INSTRUCTIONS TO FOLLOW
This exercise asks for a copy of each line in the records below with the word "Nike" in it.

RECORDS SHOWN
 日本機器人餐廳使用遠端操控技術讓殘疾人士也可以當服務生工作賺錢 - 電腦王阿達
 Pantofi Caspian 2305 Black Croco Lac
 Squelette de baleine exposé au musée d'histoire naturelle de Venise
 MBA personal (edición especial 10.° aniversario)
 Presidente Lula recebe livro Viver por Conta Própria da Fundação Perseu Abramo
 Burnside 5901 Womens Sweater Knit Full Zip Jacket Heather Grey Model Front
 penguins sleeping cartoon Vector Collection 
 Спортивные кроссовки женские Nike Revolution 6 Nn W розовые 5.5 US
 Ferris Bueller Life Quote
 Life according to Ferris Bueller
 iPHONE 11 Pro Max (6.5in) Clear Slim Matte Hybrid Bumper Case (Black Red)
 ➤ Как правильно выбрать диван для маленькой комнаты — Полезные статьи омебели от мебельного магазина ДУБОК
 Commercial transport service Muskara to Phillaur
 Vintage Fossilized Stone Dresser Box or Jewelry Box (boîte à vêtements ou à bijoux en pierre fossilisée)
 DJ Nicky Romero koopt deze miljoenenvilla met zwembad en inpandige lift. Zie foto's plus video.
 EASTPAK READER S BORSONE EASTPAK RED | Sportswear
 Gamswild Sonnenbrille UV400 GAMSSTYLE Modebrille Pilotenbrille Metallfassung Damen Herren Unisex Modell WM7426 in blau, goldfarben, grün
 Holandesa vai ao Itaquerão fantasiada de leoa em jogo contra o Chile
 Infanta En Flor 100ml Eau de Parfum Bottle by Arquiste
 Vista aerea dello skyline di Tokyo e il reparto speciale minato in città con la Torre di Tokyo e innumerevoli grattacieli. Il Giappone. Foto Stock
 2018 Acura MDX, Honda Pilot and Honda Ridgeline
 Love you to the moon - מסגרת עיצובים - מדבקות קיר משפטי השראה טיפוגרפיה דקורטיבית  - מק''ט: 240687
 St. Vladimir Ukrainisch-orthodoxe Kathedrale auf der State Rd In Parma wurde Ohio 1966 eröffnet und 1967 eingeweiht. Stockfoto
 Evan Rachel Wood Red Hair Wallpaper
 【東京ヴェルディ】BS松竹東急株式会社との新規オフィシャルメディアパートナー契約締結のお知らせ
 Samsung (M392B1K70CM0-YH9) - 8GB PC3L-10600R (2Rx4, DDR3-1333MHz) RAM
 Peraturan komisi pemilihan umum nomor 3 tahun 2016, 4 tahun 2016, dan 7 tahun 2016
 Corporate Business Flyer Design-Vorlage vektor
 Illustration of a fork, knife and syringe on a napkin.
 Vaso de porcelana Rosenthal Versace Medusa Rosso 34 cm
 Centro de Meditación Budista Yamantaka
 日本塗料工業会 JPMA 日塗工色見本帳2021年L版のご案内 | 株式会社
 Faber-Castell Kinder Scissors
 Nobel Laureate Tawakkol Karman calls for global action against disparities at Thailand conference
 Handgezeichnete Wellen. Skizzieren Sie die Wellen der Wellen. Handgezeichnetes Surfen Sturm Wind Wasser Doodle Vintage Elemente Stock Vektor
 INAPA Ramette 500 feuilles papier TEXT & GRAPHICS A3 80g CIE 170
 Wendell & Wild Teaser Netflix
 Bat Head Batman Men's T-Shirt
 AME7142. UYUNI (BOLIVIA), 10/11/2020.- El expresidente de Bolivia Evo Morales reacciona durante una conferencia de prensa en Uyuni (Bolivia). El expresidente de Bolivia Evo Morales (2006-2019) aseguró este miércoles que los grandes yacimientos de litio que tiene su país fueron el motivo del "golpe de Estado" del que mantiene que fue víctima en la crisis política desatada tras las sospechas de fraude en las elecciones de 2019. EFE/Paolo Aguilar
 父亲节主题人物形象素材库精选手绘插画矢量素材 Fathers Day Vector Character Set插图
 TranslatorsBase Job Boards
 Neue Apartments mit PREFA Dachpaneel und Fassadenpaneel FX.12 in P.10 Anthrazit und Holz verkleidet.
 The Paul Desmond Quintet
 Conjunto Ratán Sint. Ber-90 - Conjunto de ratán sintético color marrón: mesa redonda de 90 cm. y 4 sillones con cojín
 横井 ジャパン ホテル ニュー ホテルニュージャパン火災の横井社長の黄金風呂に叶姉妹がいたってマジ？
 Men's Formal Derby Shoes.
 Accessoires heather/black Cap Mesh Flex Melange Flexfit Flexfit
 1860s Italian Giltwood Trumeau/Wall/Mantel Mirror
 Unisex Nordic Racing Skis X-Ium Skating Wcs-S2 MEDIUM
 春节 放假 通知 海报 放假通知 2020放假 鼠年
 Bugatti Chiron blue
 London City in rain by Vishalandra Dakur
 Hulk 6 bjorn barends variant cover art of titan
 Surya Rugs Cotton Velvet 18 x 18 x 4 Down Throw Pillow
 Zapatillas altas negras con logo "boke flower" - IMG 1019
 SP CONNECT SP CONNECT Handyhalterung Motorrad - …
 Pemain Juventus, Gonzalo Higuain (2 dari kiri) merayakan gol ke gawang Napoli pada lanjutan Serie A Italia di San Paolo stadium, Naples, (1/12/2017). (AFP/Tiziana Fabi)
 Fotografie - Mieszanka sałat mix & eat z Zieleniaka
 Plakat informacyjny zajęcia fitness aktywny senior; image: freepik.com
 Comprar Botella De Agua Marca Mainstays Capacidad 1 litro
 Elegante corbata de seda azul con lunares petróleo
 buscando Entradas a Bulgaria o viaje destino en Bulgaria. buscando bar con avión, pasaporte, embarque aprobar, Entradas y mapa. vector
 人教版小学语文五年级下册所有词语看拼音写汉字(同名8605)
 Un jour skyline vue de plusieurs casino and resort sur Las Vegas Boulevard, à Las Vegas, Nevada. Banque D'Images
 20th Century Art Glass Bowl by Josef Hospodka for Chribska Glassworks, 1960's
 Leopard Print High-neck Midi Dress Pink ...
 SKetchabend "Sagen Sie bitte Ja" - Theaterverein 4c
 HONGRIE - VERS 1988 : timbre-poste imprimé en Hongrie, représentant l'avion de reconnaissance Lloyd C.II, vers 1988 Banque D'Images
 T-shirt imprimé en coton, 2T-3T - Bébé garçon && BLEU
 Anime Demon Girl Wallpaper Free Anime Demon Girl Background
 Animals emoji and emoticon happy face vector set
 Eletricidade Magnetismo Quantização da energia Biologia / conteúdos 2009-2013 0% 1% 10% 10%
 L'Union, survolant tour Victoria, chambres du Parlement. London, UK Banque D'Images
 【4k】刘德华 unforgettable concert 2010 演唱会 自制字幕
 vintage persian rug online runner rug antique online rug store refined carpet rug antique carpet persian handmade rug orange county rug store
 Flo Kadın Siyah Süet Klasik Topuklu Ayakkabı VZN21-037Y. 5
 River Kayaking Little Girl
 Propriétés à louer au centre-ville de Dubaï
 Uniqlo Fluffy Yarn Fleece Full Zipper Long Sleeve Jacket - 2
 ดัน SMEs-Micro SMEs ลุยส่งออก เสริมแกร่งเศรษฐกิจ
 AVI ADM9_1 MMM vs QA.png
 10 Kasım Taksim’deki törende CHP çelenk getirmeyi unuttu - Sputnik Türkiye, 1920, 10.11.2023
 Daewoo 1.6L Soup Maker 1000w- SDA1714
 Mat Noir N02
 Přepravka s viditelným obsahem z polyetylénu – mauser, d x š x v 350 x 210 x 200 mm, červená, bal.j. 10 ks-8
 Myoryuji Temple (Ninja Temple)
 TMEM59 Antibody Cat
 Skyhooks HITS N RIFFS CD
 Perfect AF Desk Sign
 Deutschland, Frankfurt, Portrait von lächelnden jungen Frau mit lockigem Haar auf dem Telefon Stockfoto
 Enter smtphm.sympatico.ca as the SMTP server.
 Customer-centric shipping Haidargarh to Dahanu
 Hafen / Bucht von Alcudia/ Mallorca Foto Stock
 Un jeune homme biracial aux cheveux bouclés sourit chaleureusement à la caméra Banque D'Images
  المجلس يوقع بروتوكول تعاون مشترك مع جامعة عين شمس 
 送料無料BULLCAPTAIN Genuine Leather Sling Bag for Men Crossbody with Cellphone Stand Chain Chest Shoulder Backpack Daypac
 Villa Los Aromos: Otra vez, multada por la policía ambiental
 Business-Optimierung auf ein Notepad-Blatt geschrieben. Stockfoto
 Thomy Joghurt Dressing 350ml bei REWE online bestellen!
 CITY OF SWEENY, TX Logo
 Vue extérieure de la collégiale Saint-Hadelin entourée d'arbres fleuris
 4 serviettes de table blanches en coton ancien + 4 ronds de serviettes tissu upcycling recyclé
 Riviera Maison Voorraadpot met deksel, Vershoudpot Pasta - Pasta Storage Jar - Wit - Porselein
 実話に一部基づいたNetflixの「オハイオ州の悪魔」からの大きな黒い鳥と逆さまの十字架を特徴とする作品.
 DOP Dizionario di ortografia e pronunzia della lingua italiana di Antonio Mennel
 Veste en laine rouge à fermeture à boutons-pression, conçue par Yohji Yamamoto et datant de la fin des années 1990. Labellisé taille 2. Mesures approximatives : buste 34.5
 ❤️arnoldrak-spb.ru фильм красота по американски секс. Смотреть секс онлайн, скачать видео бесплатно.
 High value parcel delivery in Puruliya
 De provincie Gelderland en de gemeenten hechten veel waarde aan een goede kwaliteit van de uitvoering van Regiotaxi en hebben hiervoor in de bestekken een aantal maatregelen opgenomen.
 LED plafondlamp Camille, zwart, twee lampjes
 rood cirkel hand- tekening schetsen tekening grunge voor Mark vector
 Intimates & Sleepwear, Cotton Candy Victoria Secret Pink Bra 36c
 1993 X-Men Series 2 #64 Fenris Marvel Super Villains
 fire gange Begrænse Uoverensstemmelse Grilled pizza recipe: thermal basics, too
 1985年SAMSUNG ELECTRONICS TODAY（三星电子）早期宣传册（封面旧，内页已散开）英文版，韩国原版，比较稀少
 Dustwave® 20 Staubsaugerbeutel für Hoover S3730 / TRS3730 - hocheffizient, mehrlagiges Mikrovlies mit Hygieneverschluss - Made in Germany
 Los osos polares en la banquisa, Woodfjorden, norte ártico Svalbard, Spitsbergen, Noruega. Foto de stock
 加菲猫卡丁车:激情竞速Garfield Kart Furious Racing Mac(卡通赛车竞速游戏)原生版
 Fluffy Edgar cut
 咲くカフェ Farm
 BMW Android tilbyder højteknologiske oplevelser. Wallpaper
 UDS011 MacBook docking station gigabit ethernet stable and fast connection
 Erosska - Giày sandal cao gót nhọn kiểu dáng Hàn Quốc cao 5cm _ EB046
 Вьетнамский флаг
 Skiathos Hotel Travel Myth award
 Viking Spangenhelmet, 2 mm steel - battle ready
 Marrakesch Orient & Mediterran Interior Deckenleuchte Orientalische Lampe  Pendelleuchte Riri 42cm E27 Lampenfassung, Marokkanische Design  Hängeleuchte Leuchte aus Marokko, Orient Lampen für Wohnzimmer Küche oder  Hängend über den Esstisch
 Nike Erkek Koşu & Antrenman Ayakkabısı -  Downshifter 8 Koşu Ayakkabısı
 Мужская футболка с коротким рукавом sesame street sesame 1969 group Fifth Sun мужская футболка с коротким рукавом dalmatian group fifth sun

OUTPUT FOR THIS TASK
 Спортивные кроссовки женские Nike Revolution 6 Nn W розовые 5.5 US
 Nike Erkek Koşu & Antrenman Ayakkabısı -  Downshifter 8 Koşu Ayakkabısı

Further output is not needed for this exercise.